To our knowledge, our study is the first and largest to offer longitudinal analyses, which allowed multivariable adjustments including gBRCApv status and chemotherapy type, and associations as well as time trends (up to 18 months) to be studied. Moreover, our study population received two main chemotherapy regimens, predominantly anthracycline and taxane based, making the analysis of the impact of chemotherapy on amenorrhea risk more homogenous. Particularly, the impact of gBRCApv status on amenorrhea rates was not assessed in the prediction models of previous studies and we showed for the first time that women with gBRCApv appear to be more prone to losing their fertility post‐chemotherapy.

We found that the presence of a gBRCApv strongly predicted the amenorrhea risk at 18 months with likely progression of the event rate during 0–18 months after the completion of post‐chemotherapy. Despite the limited size of the BRCA‐positive subgroup, the associations related to AMH levels and gBRCApv appeared to be robust over different analytic strategies (i.e., unadjusted and adjusted analyses, non‐longitudinal and longitudinal analyses, population‐averaged and subject‐specific models, and various sensitivity analyses). When we limited the analysis to women whose gBRCApv status was known, we reached stronger associations despite the reduced sample size (Tables S4 and S5).

The association of gBRCApv with amenorrhea risk is biologically plausible as BRCA genes play essential roles in ATM‐mediated repair of DNA double strand breaks. ¹⁴ We have previously shown that the oocytes of women with gBRCApv are deficient in DNA repair and subject to accelerated age‐induced loss. ¹¹ , ¹² Because both cyclophosphamide and doxorubicin cause ovarian follicle death by inducing DNA DSBs in oocytes, the deficient DNA repair mechanisms in oocytes of women with gBRCApv may result in increased liability to chemotherapy‐induced ovarian damage. ⁷ , ¹² In support of this hypothesis, we have in multiple studies including a recent large multi‐center individual patient data meta‐analysis that women with gBRCApv had lower serum AMH recovery after chemotherapy compared to controls. ¹² , ²⁶ While numerous studies confirmed our findings, few others failed to detect the impact of BRCA mutations on ovarian reserve, methodological weaknesses of which were discussed in a recent review. ¹⁴ Lower baseline serum AMH levels, and hence a lower ovarian reserve in women with gBRCApv may have also contributed to the predisposition to amenorrhea risk. However, in mechanistic support of our findings, we also found that when BRCA1 was knocked out in mouse oocytes, they became more liable to doxorubicin‐induced death in vitro. ¹² , ¹³ Moreover, in a previous study we found that women with gBRCApv had slower AMH recovery post‐chemotherapy compared to those who were negative or untested for gBRCApv. ¹³ The stronger prediction of amenorrhea at the 18‐month time point and clear monotonic positive trend may also be explained by the fact that the follicle loss could be further accelerated in the ovaries of women with BRCA mutations with advancing age. ¹² Women with gBRCApv may face additional difficulties when they try to conceive such as, for some, the need for preimplantation genetic diagnosis through IVF to prevent the transmission of gBRCApv to their offspring, and reduced reproductive lifespan due to risk‐reducing salpingo oophorectomy. Therefore, fertility preservation with embryo or oocyte cryopreservation can be options for those women, followed by for preimplantation genetic testing if they consent.

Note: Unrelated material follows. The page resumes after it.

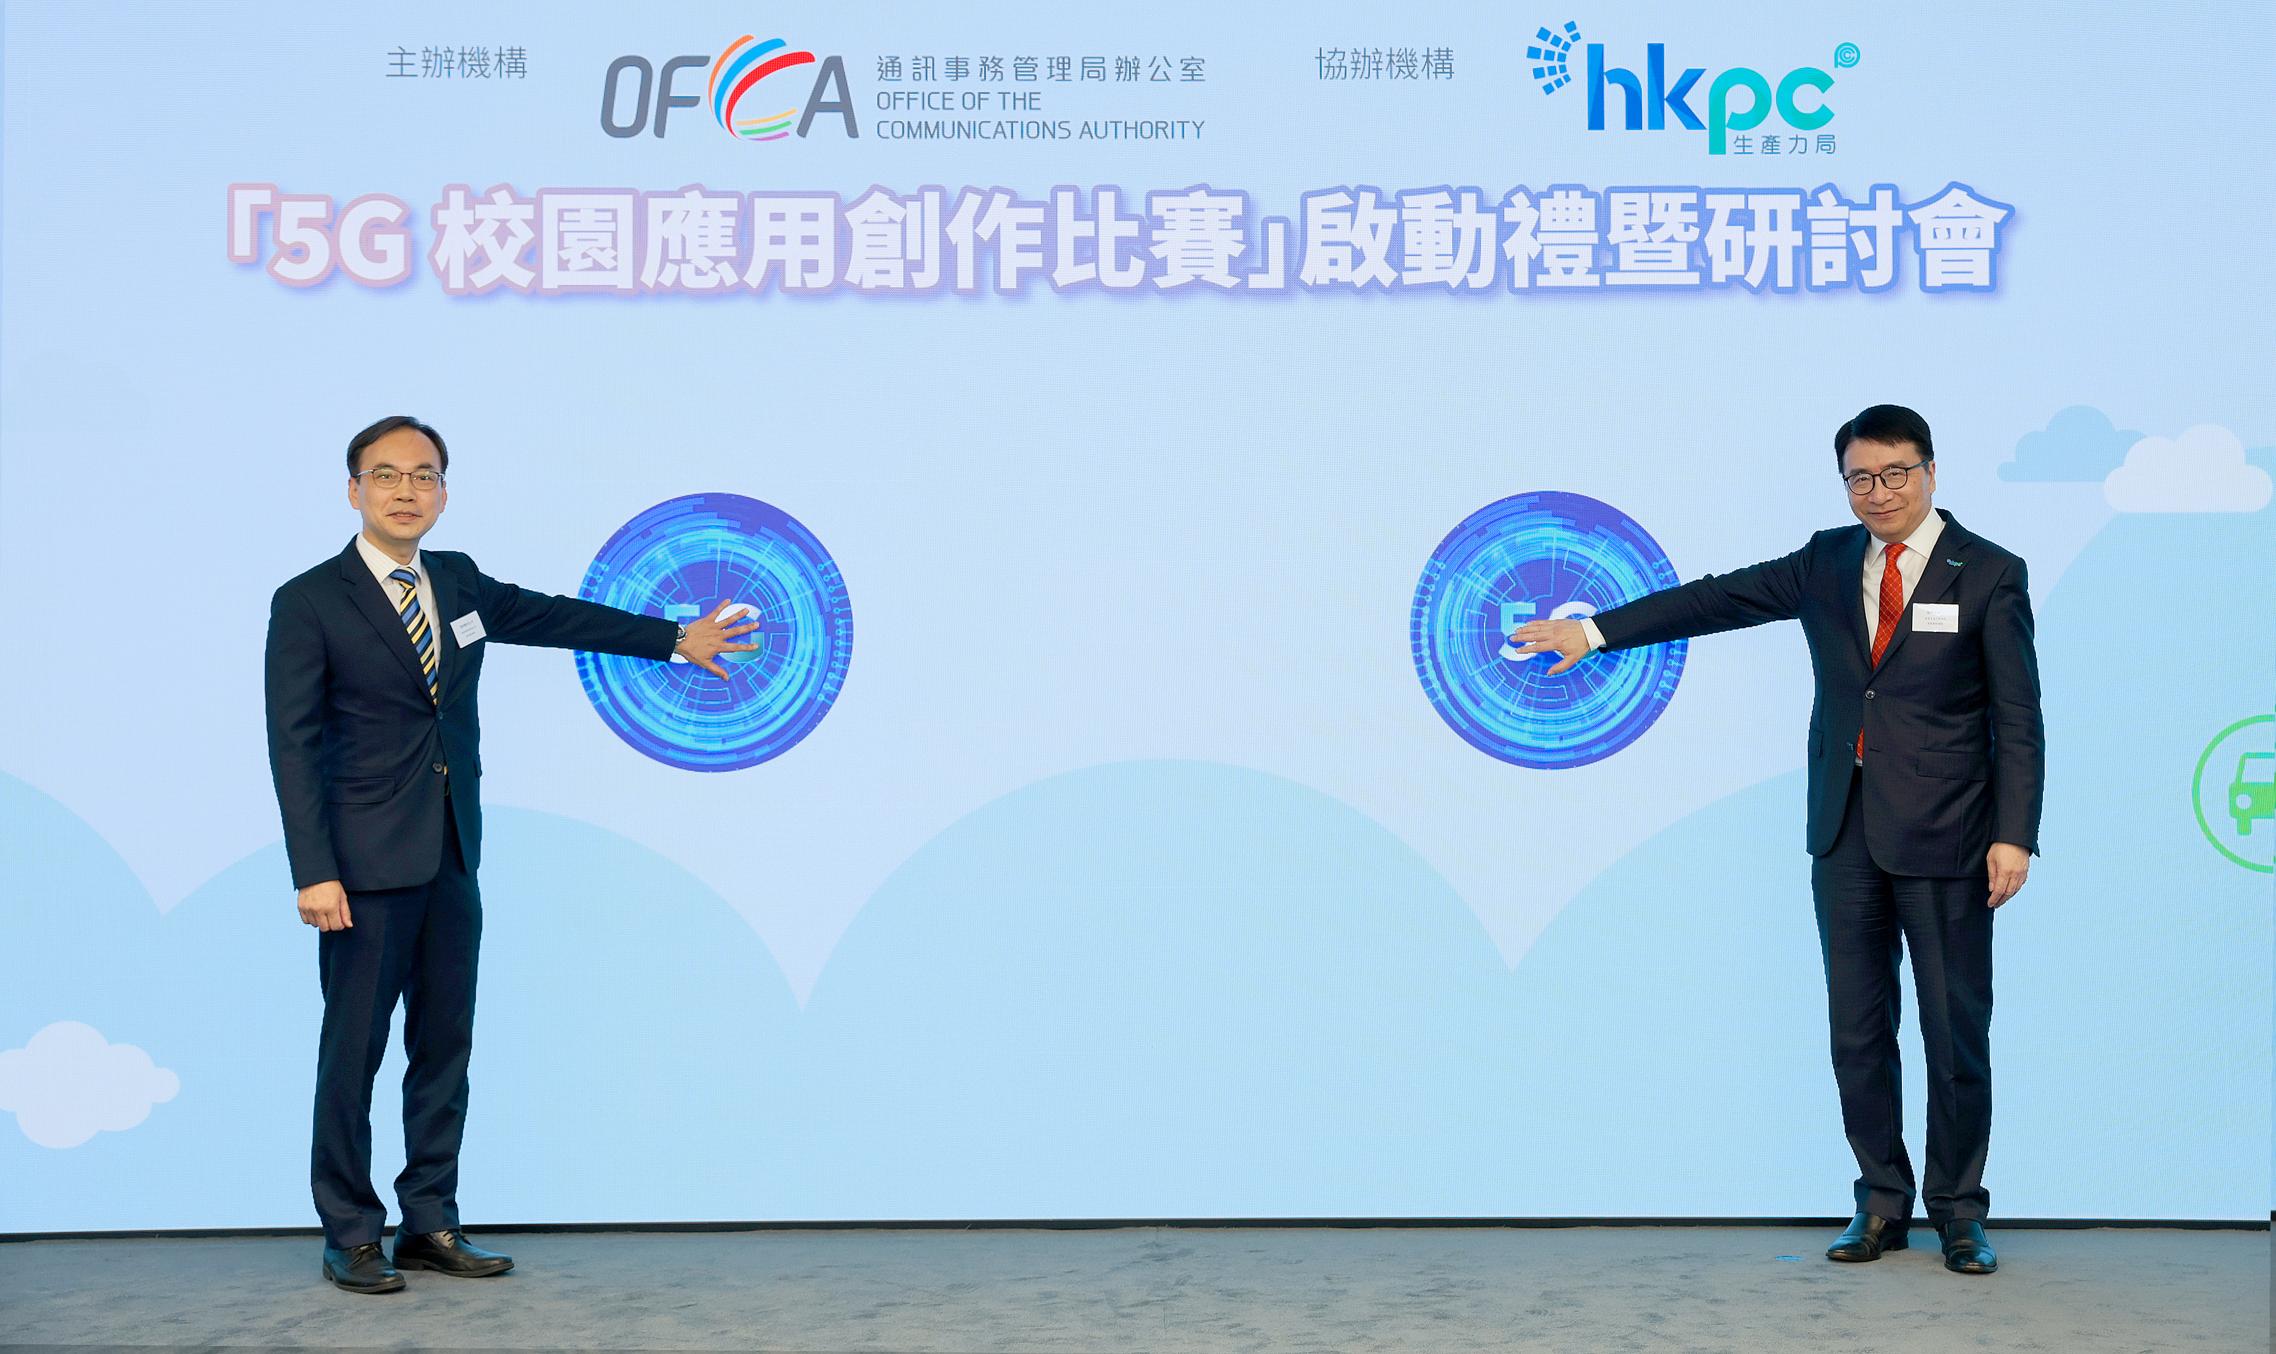 The Office of the Communications Authority held the Kick-off Seminar of the "5G Campus Application Competition" today (May 20). Photo shows the Director-General of Communications, Mr Chaucer Leung (left), and the Chief Innovation Officer of the Hong Kong Productivity Council, Dr Lawrence Cheung (right), officiating at the launching ceremony.

The number of women with BRCA mutations is relatively limited in our cohort. However, given the longitudinal nature of our study the associations are robust. Based on our findings, we suggest that women with baseline AMH of <2.0 ng/mL, undetectable AMH post‐chemotherapy, and who have gBRCApv may be prioritized for fertility preservation counseling before AC‐based (with a taxane) or CMF regimens. Although not as commonly utilized in all parts of the world, CMF is still administered in institutions that participated in this study, and in other major cancer centers in Northeastern USA. Moreover, given that the gonadotoxic component in CMF is cyclophosphamide, we believe that the information obtained with this protocol is still useful in showing that the ovaries of women with gBRCApv are more liable to gonadotoxic cancer treatments.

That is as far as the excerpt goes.